Exercise data ▸
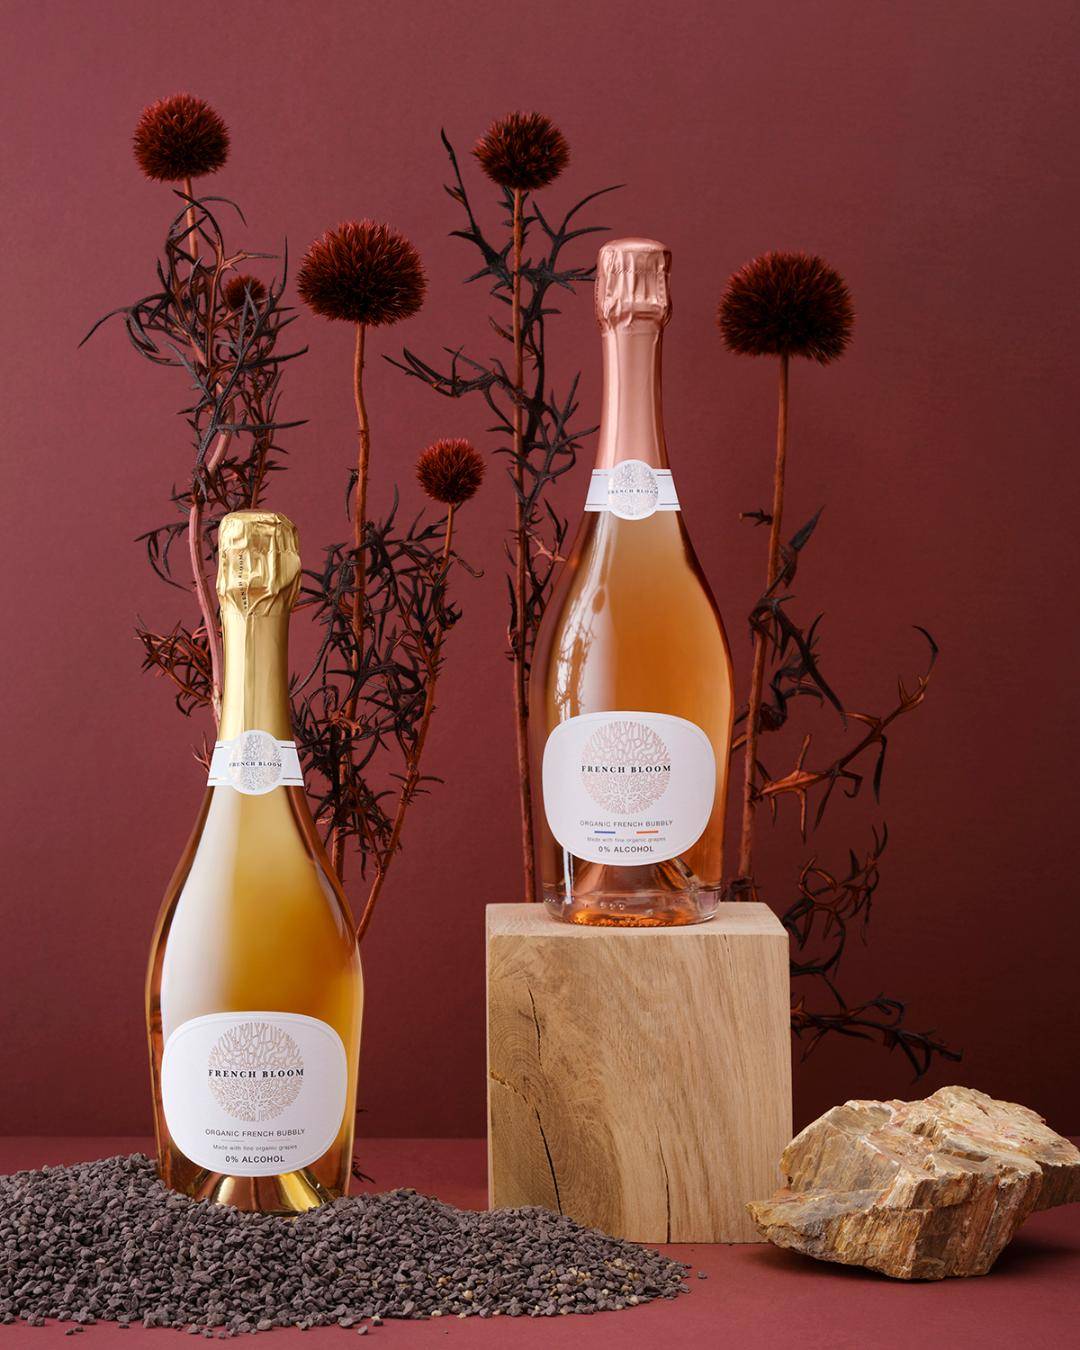 Avec son vin pétillant, bio et sans alcool, French Bloom révolutionne l'apéro
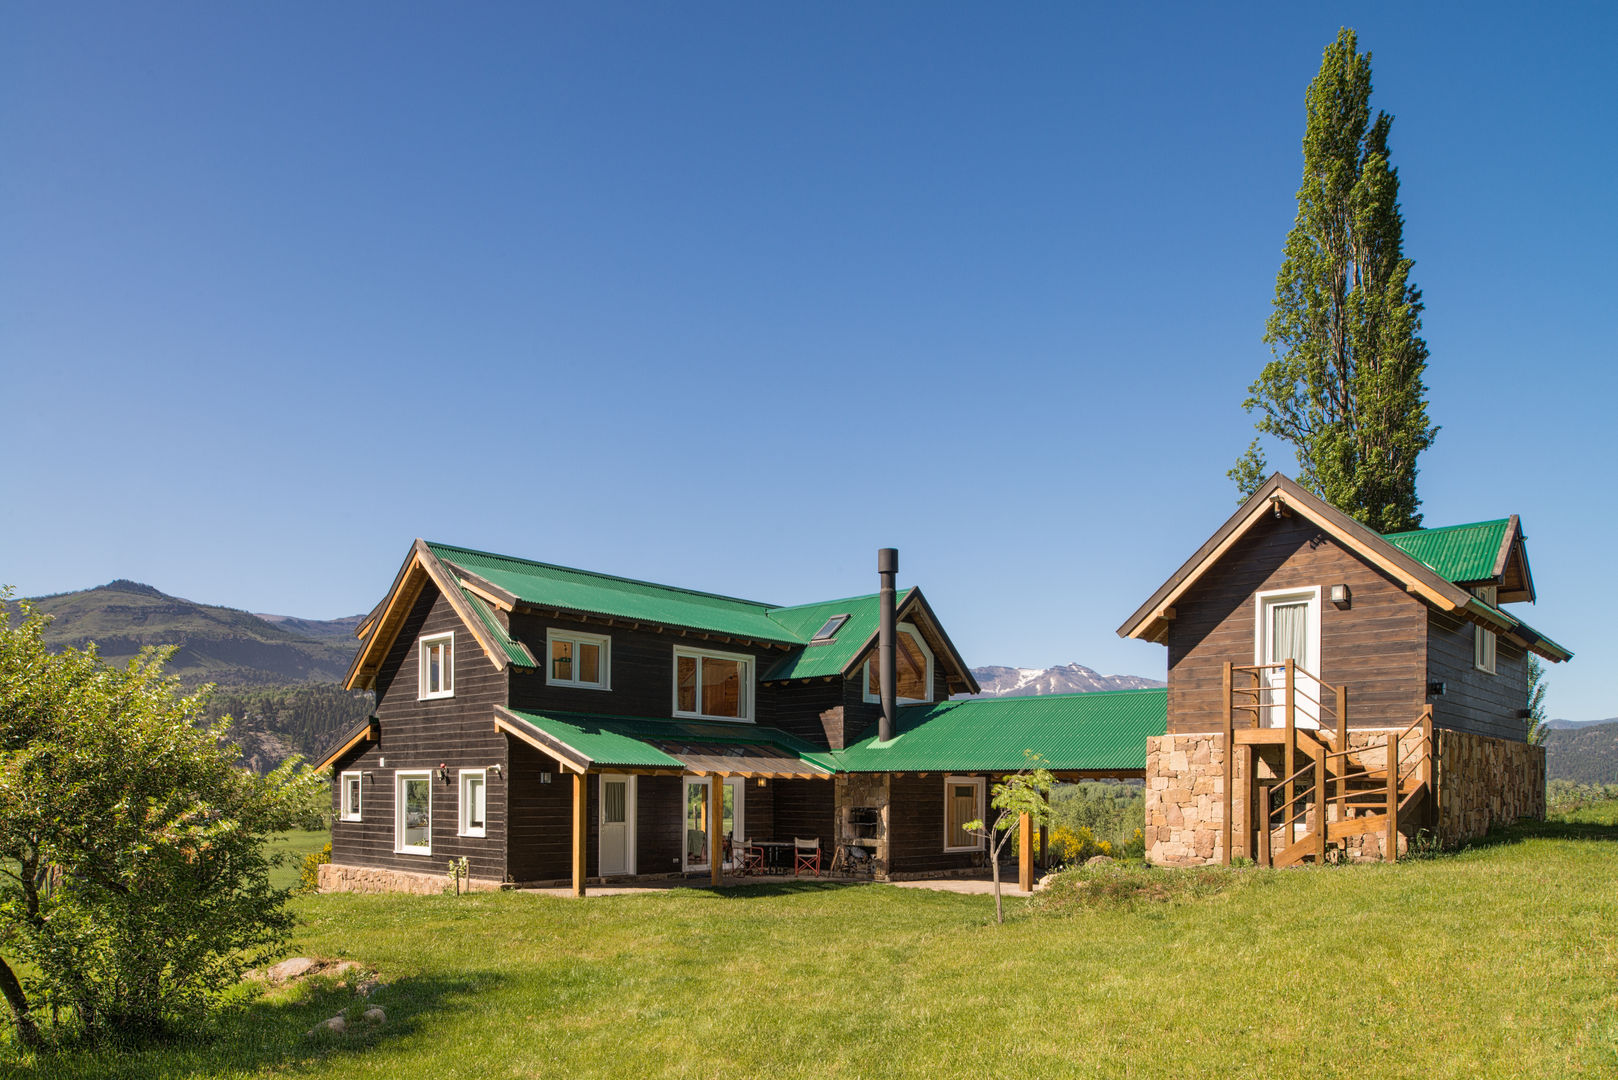 Casa de madera en San Martin de los Andes, Patagonia Log Homes - Arquitectos - Neuquén Patagonia Log Homes - Arquitectos - Neuquén Rumah kayu Parket Multicolored
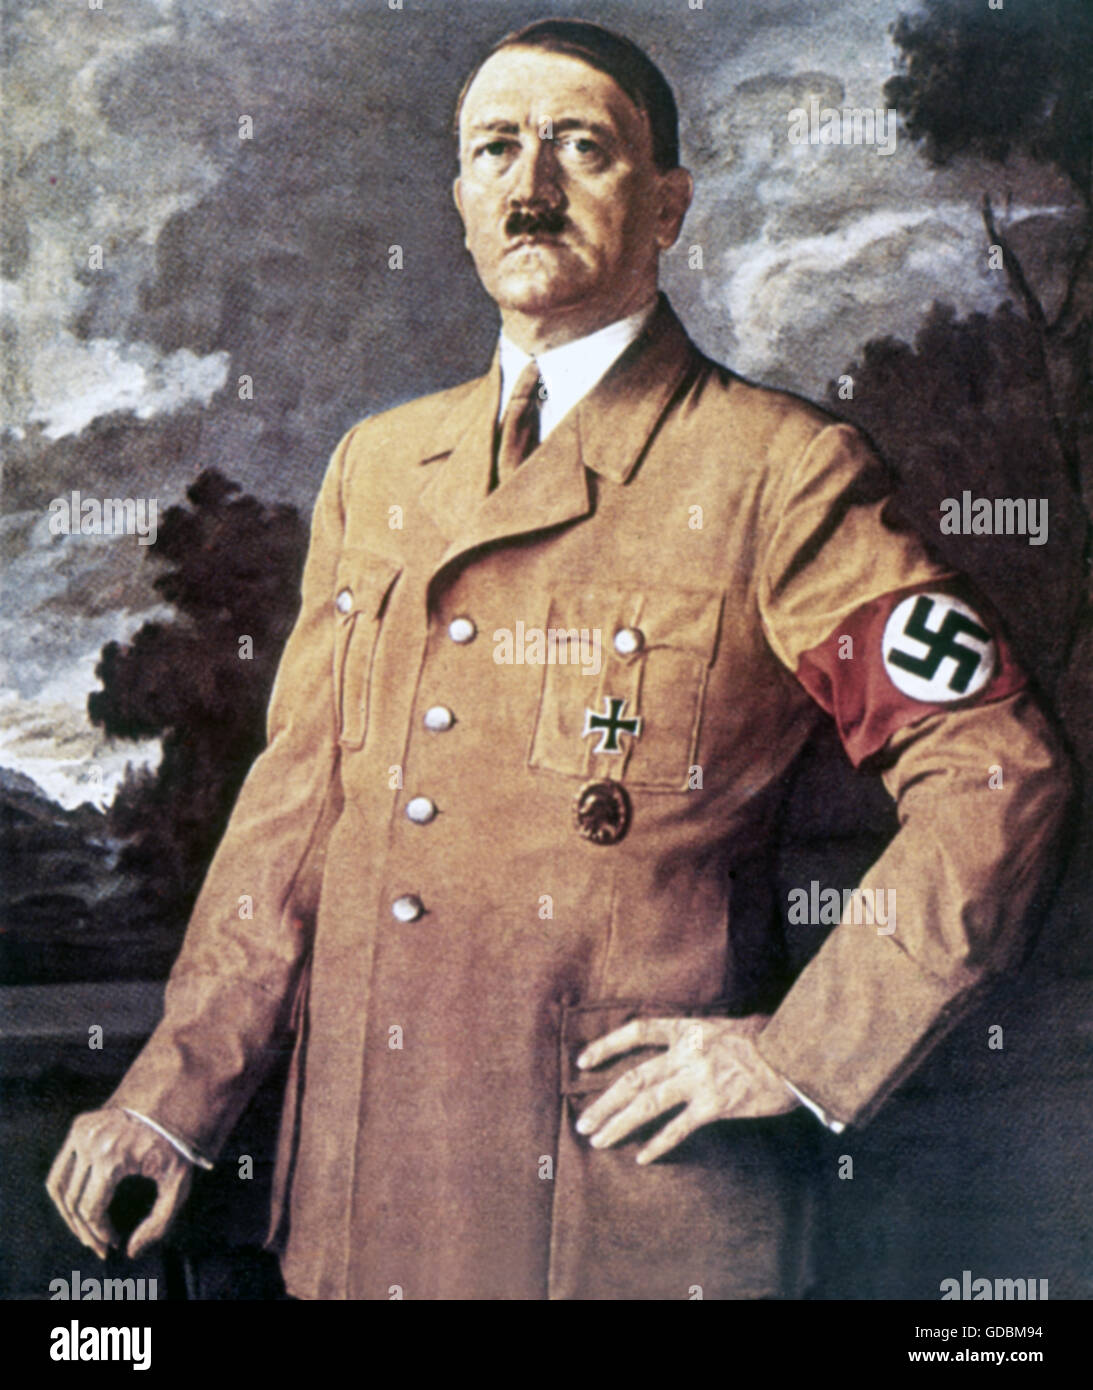 Hitler, Adolf, 20.4.1889 - 30.4.1945, politico tedesco (NSDAP), Cancelliere del Reich 30.1.1933 - 30.4.1945, mezza lunghezza, pittura, 1930s, Foto Stock

How to complete this task ▸ Since the pictures are not part of the copy, transcribe only the remaining material, exactly.

Your response ▸
 Avec son vin pétillant, bio et sans alcool, French Bloom révolutionne l'apéro
 Casa de madera en San Martin de los Andes, Patagonia Log Homes - Arquitectos - Neuquén Patagonia Log Homes - Arquitectos - Neuquén Rumah kayu Parket Multicolored
 Hitler, Adolf, 20.4.1889 - 30.4.1945, politico tedesco (NSDAP), Cancelliere del Reich 30.1.1933 - 30.4.1945, mezza lunghezza, pittura, 1930s, Foto Stock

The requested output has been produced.